Find the number of arrangements of the letters of the INDEPENDENCE. In how many of these arrangements, (i)         do the words start with P (ii)        do all the vowels always occur together (iii)       do the vowels never occur together (iv)       do the words begin with I and end in P?

(i)In the word INDEPENDENCE there are 12 letters, of which N appears 3 times, E appears 4 times, D appears 2 times and the rest all are different.
When the words start with P, then there are 11 letters to be filled in 11 spaces. Therefore the total number of ways is
`(11!)/(30!×2!×4!) = 138600.`
2. The vowels EEEEI are to be kept together and should be treated as one unit.
Then these vowels can be arranged in `(5!)/(4!)` ways. This single unit together with 7 letter will count to units, can be arranged in `(8!)/(3!×2!)`.
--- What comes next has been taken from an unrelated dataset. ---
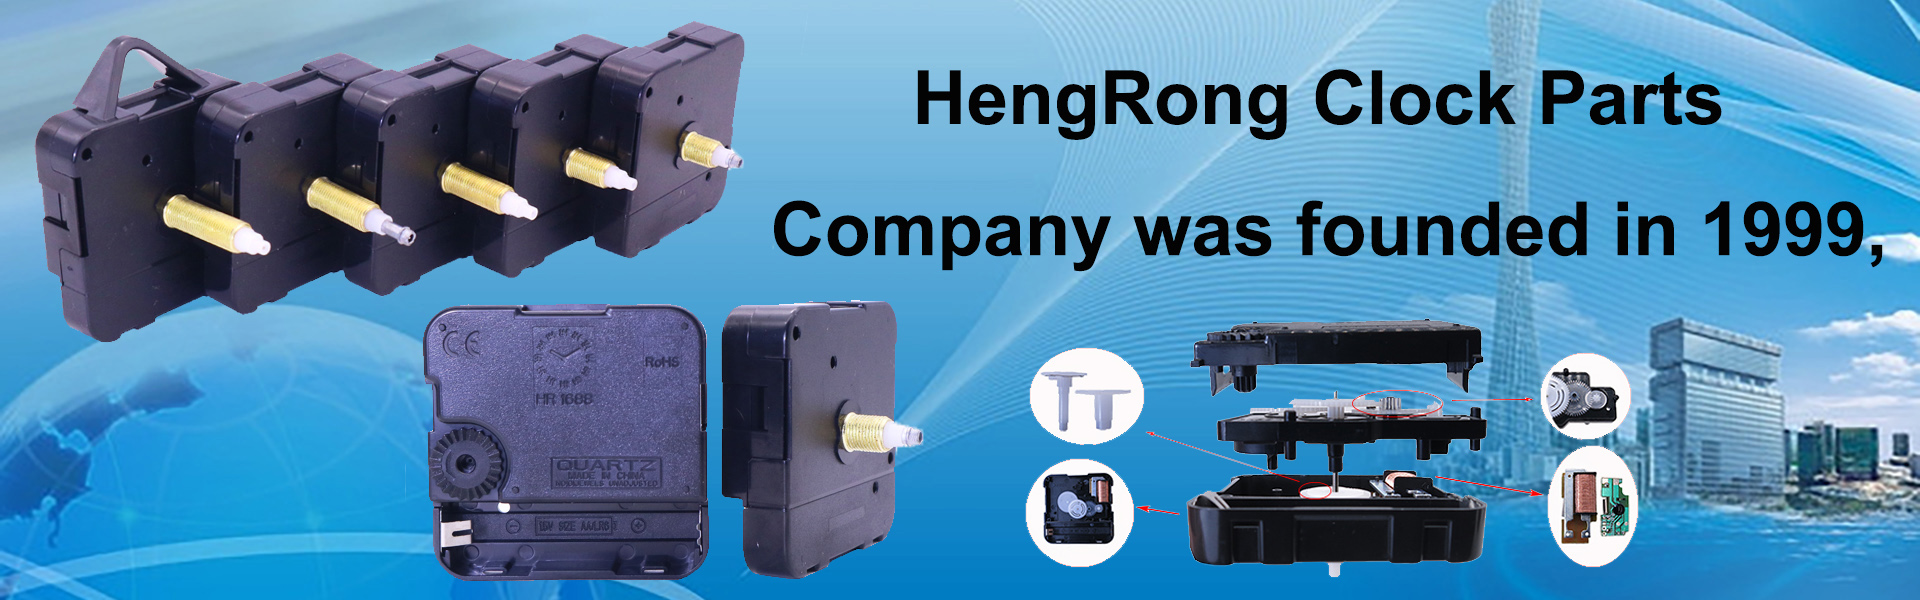 chuyển động đồng hồ, bộ phận đồng hồ, đồng hồ cúc cu,Dongguan Hengrong Hardware ELectronic Technology Co.,Ltd.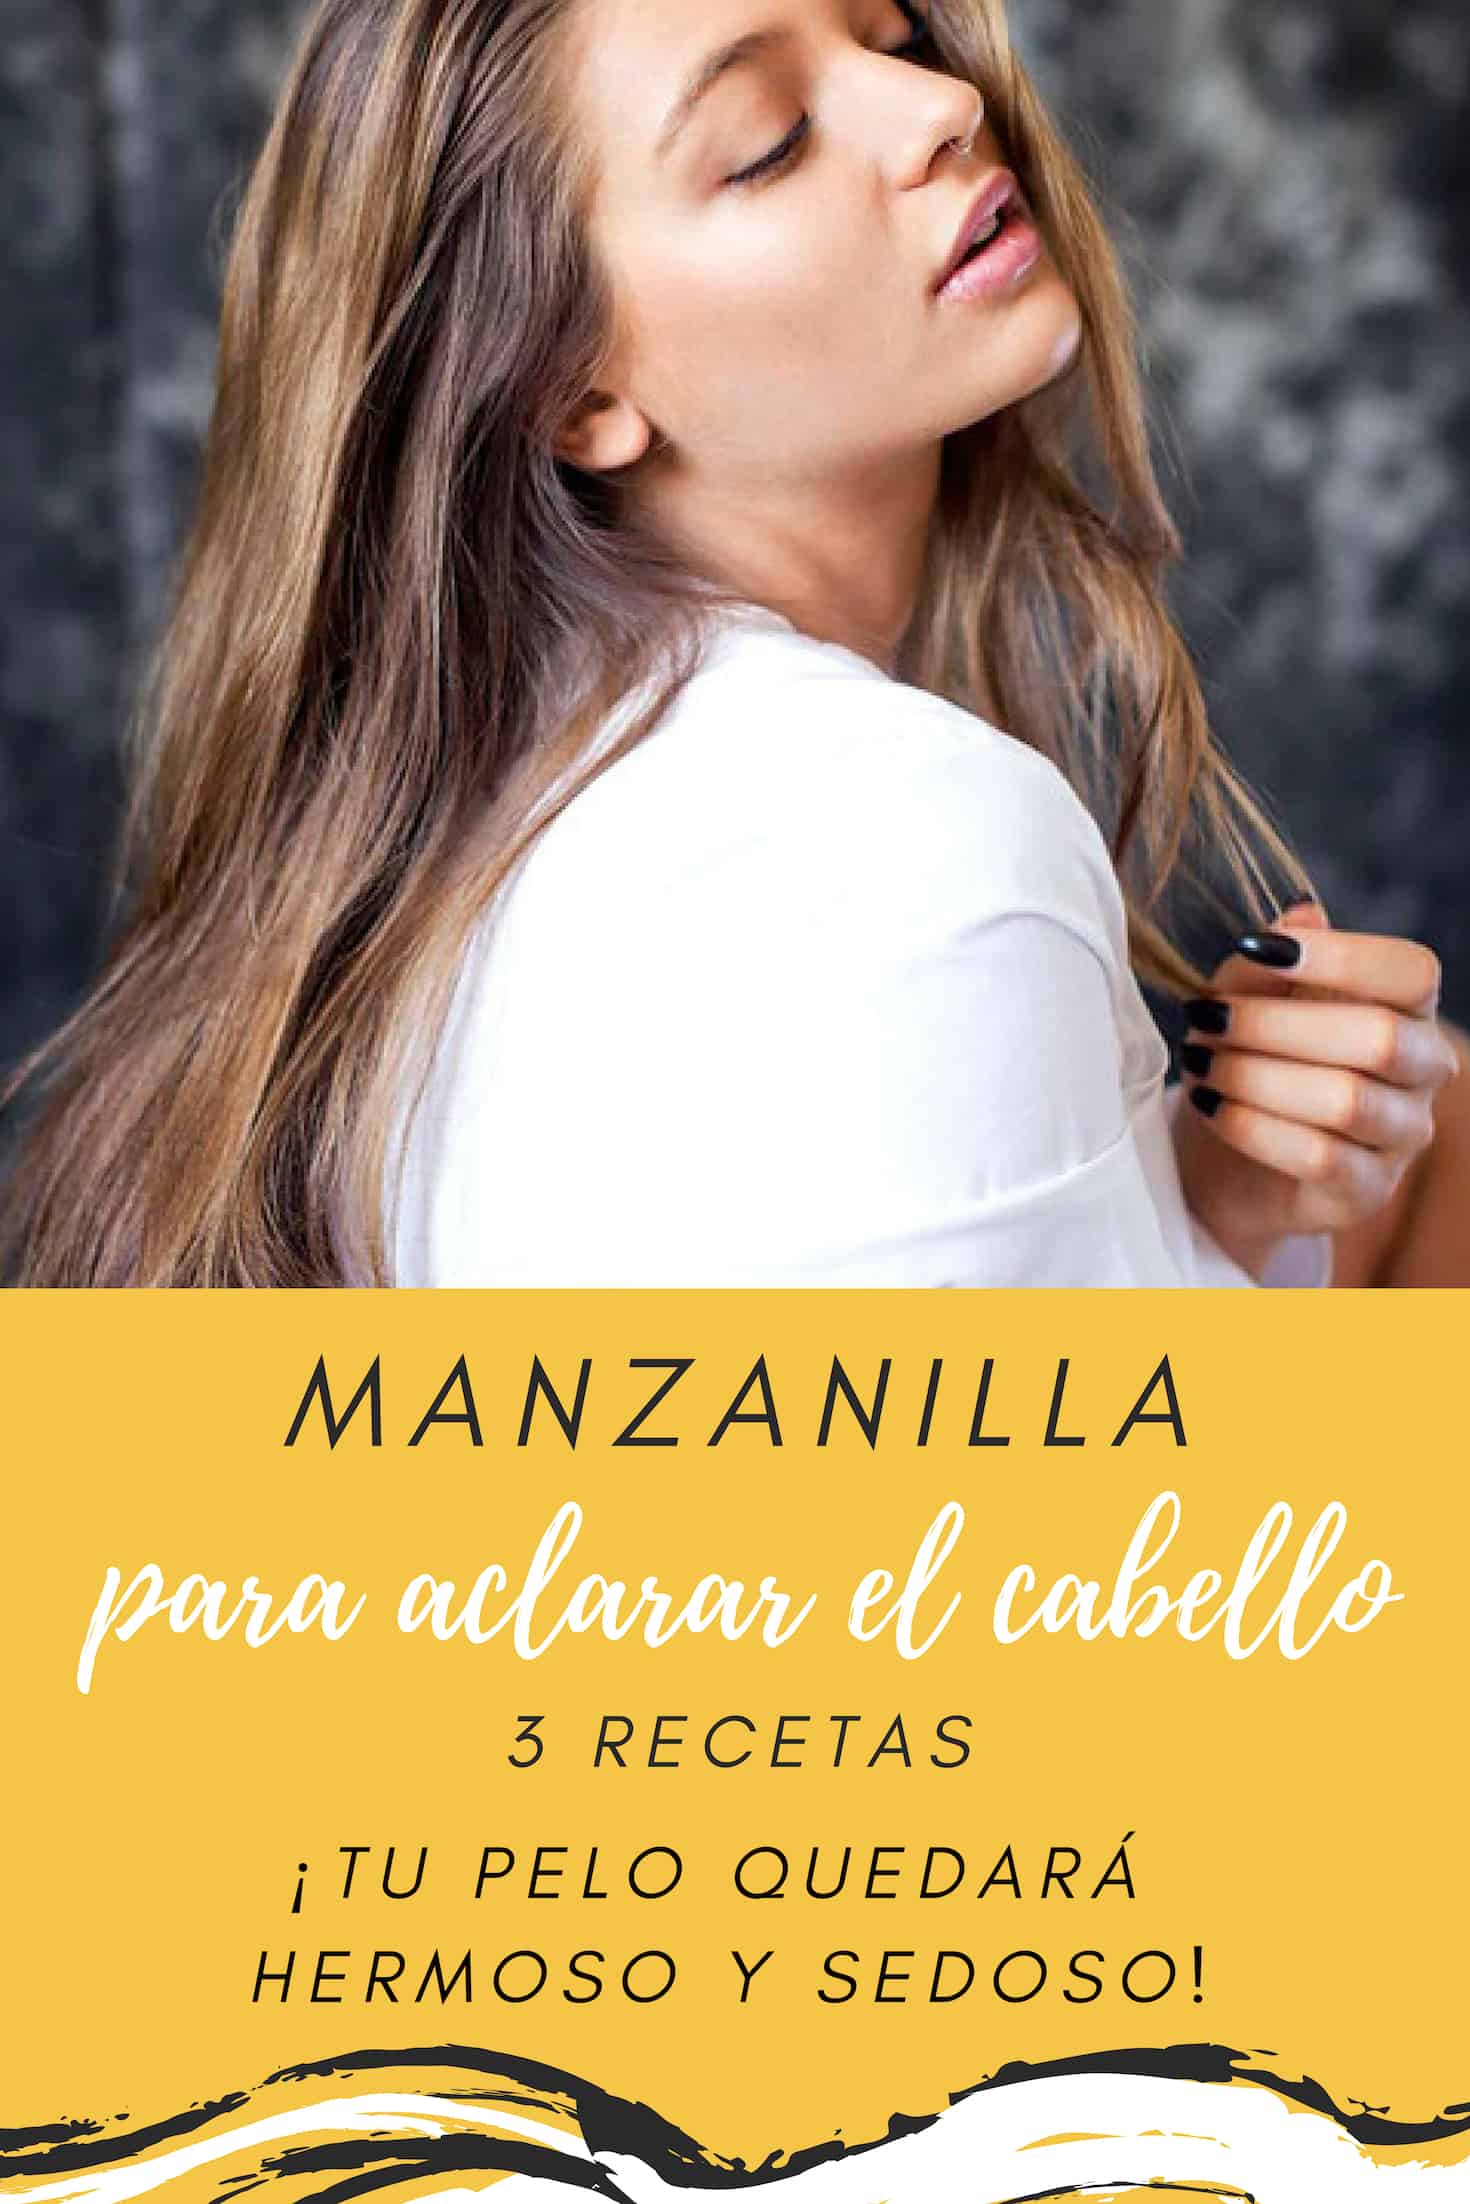 Como Usar Manzanilla Para Aclarar El Cabello 3 Recetas La Guia De Las Vitaminas

Therefore the total number of ways `(5!)/(4!)×(8!)/(3!×2!) = 16800. `
3. Number of ways of arrangement with vowels do not come together
= Total arrangement – vowels coming together. `
= (12!)/(3!×2!×4!) – 16800 = 1663200 – 16800 = 1646400. `
4. When the words start with I and ends with P, then there are 10 letters to be filled in 10 spaces.
Therefore the total number of ways is `(10!)/(3!×2!×4!) = 12600`